╭─ DATA FOR PROCESSING

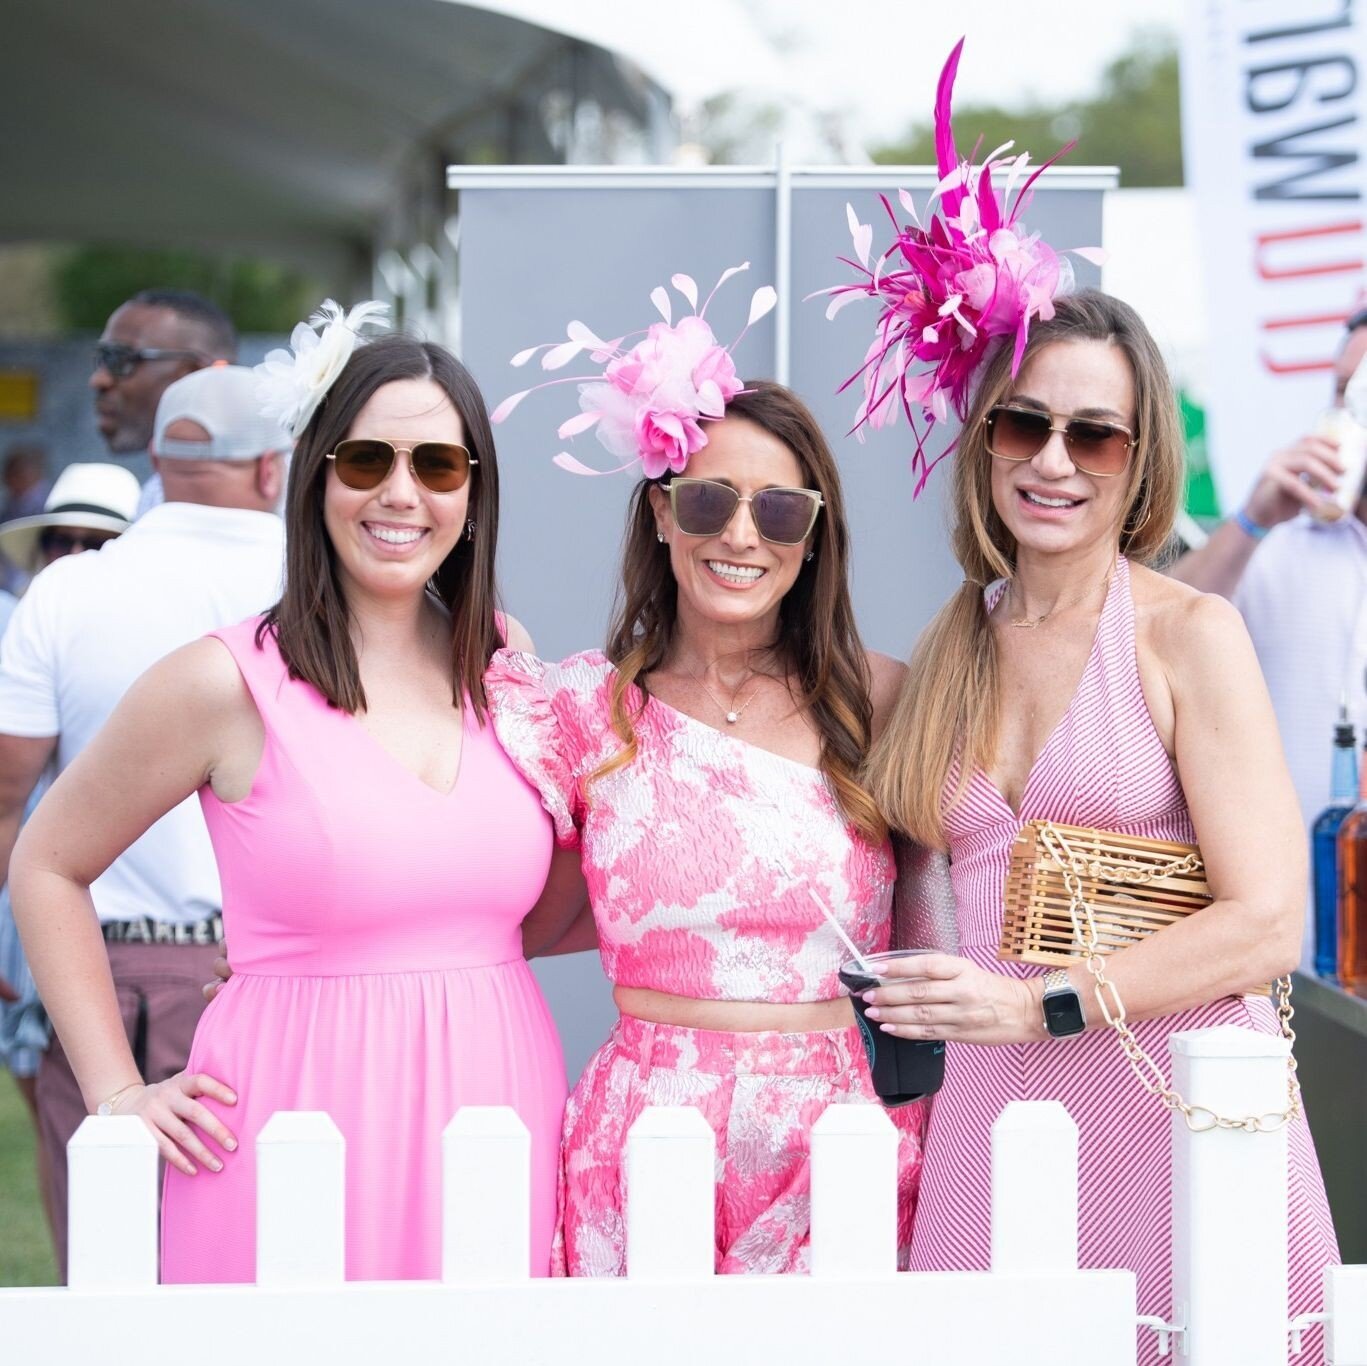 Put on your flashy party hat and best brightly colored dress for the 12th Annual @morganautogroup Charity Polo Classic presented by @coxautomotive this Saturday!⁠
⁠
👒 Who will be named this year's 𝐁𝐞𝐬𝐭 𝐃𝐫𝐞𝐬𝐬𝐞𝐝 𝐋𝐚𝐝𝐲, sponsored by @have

╰─
╭─ DATA FOR PROCESSING

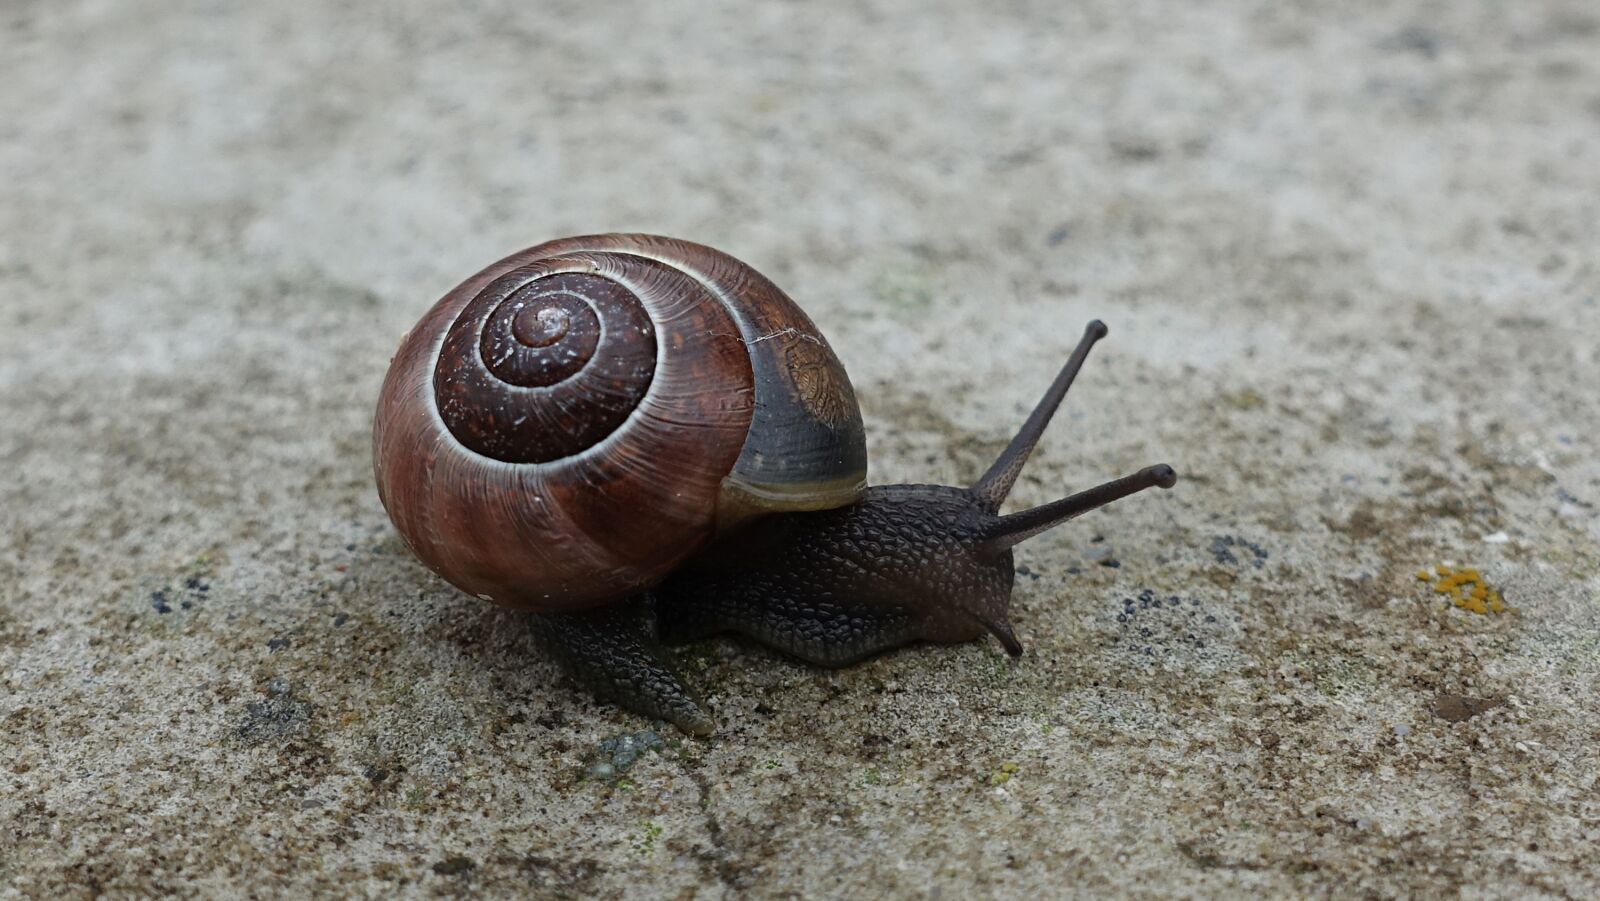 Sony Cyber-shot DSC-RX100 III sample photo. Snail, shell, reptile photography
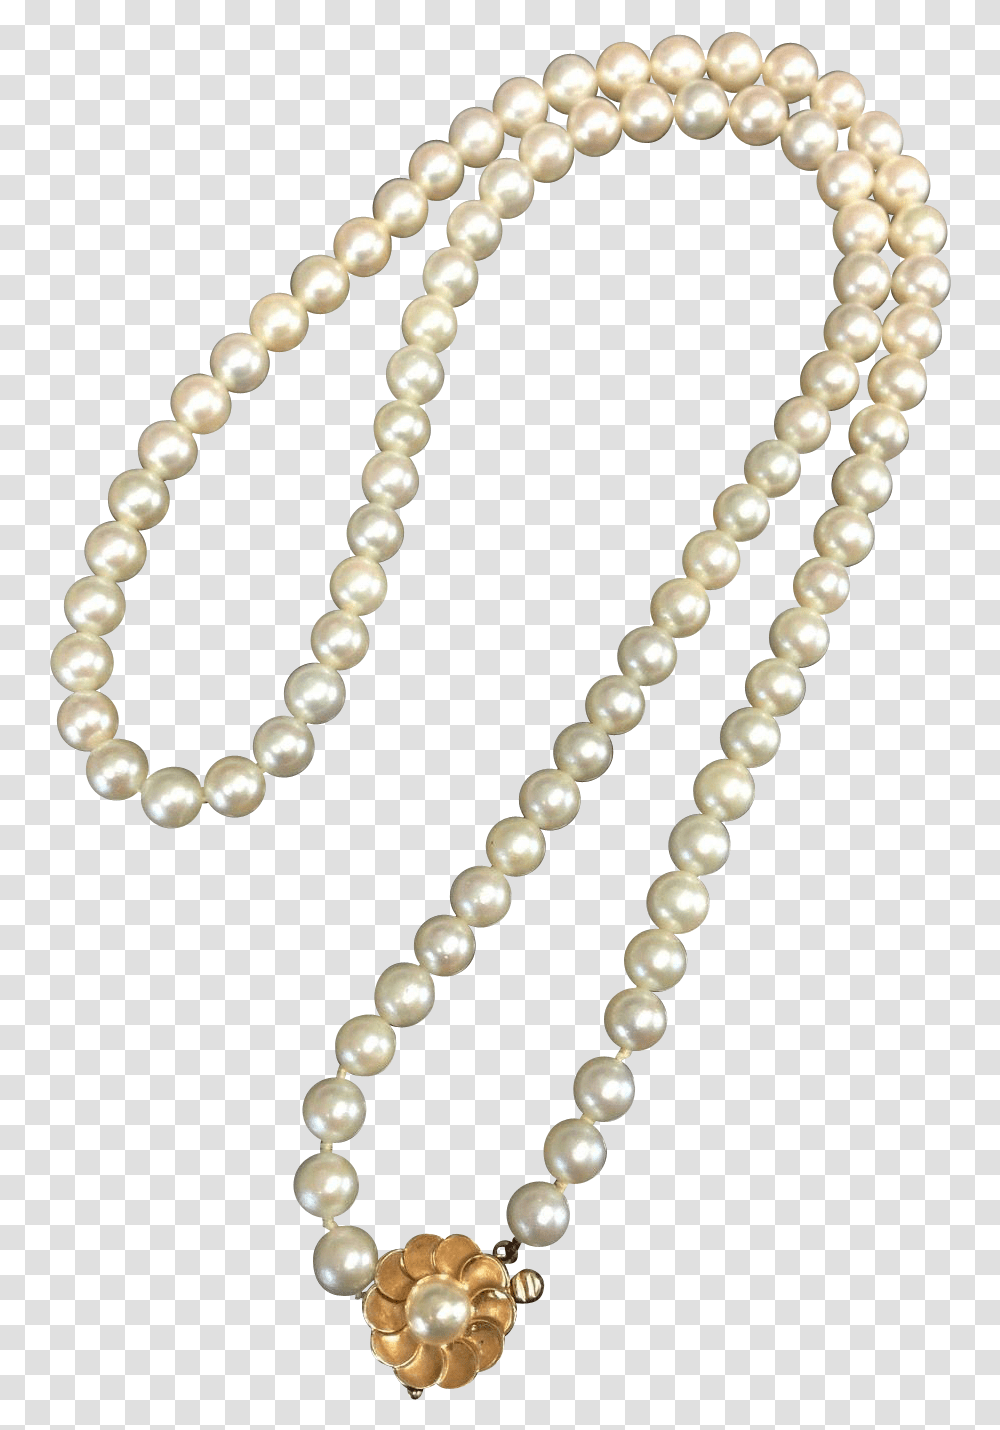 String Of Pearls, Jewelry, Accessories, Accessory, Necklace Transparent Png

╰─
╭─ DATA FOR PROCESSING

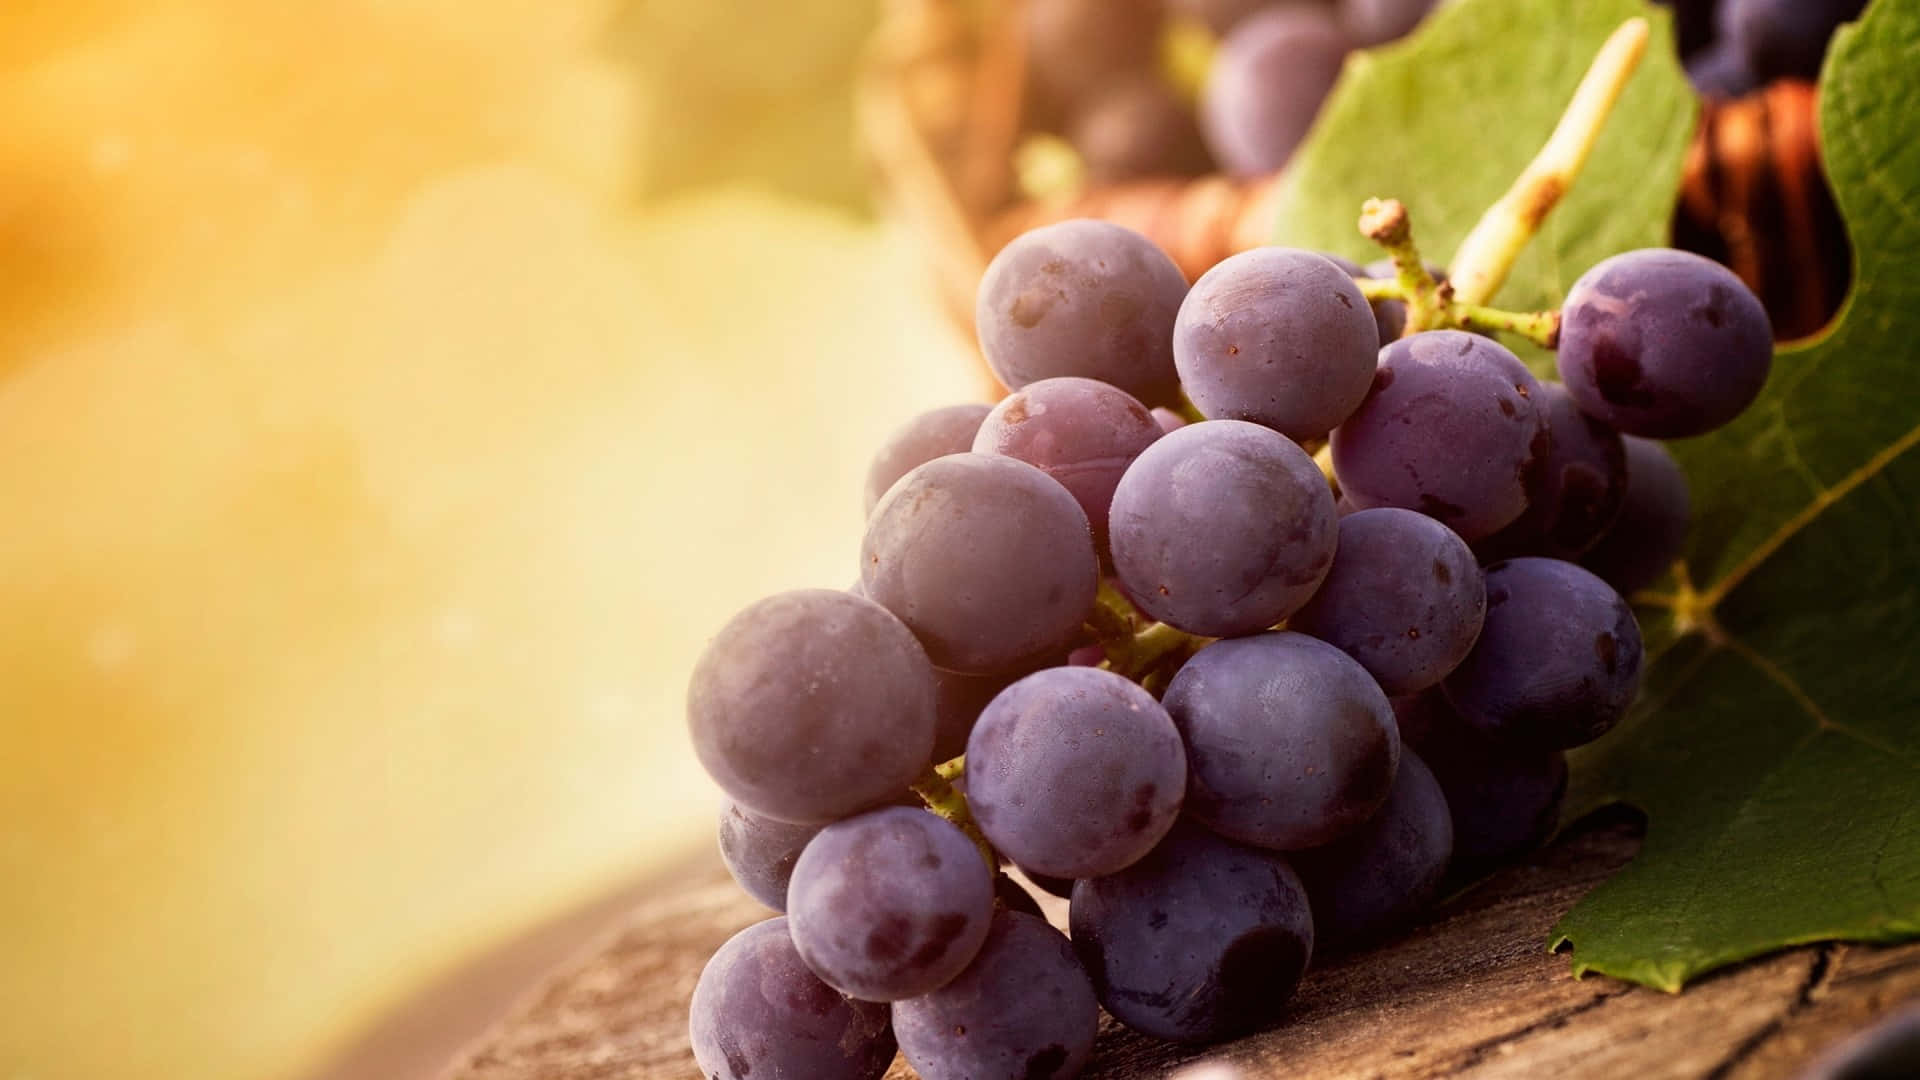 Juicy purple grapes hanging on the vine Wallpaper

╰─

ACTION ITEM: Nothing but the lines above from the line with "Sony Cyber-shot DSC-RX100" up to and including the line with "String Of Pearls, Jewelry, Accessories, Accessory, Necklace" should be returned, exactly as written and without pictures.

FINISHED TASK:
 Sony Cyber-shot DSC-RX100 III sample photo. Snail, shell, reptile photography
 String Of Pearls, Jewelry, Accessories, Accessory, Necklace Transparent Png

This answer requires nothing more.